Posted Oct. 31, 2011

Internal parasites cost U.S. cattle operations an estimated $200 million annually. While several chemicals and formulations are approved to control worms in cattle, there have been recent reports of declining efficacy of some dewormers. The decline in efficacy could be due to over-use of some chemicals (i.e., resistance), the variability in bioactivity of some formulations (i.e., injectables versus pour-ons, manufacturer differences, etc.) and/or dosage or delivery errors by producers. To help producers manage health and performance of their cattle, the Noble Research Institute undertook a research study to investigate the effectiveness of some popular dewormers.

Table 1.

The research trial used 497 stocker calves purchased from Oklahoma and Texas sale barns during spring 2011. The cattle were processed with an industry standard processing protocol and grouped into pens of approximately 50 animals. One of five dewormer treatments (Table 1) was applied to animals in each pen. Average daily gain (ADG) was measured over a 42-day receiving period during which the steers were fed free-choice hay and 5 pounds per day of a receiving ration. Additionally, fecal samples were collected from each steer prior to treatment and 14 days following treatment. An independent laboratory determined the number of worm eggs that were being shed from each steer. From those egg counts, a 14-day fecal egg count reduction statistic was calculated for each pen. This statistic is the industry accepted way to determine efficacy of dewormers in cattle.

Figure 1.

Average daily gain was similar among the dewormer treatments (Table 1).
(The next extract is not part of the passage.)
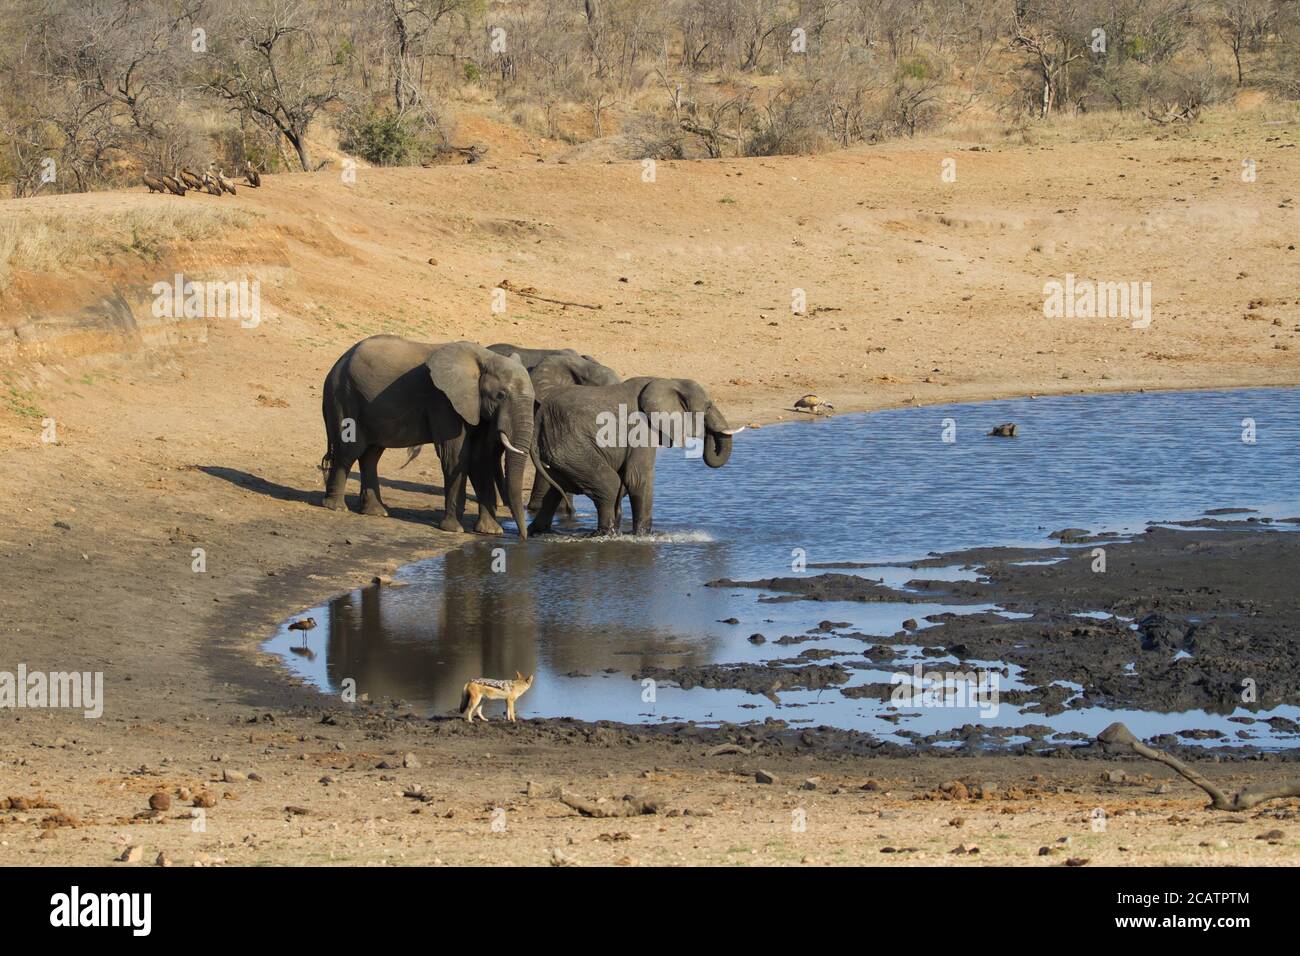 Elephants drinking at a waterhole in Kruger National Park while vultures and a jackal observe Stock Photo

However, Figure 1 reveals that fenbendazole produced the greatest reduction (99 percent) in egg shedding. The steers that received no dewormer actually increased the number of eggs they were shedding. The formulations of ivermectin that we tested were not effective at reducing the number of eggs shed. This trial would indicate that producers who are interested in reducing parasite loads in their stocker cattle should consider using a dewormer other than ivermectin. Producers should work with their animal health advisors to design an integrated parasite control program specific to their operations and objectives.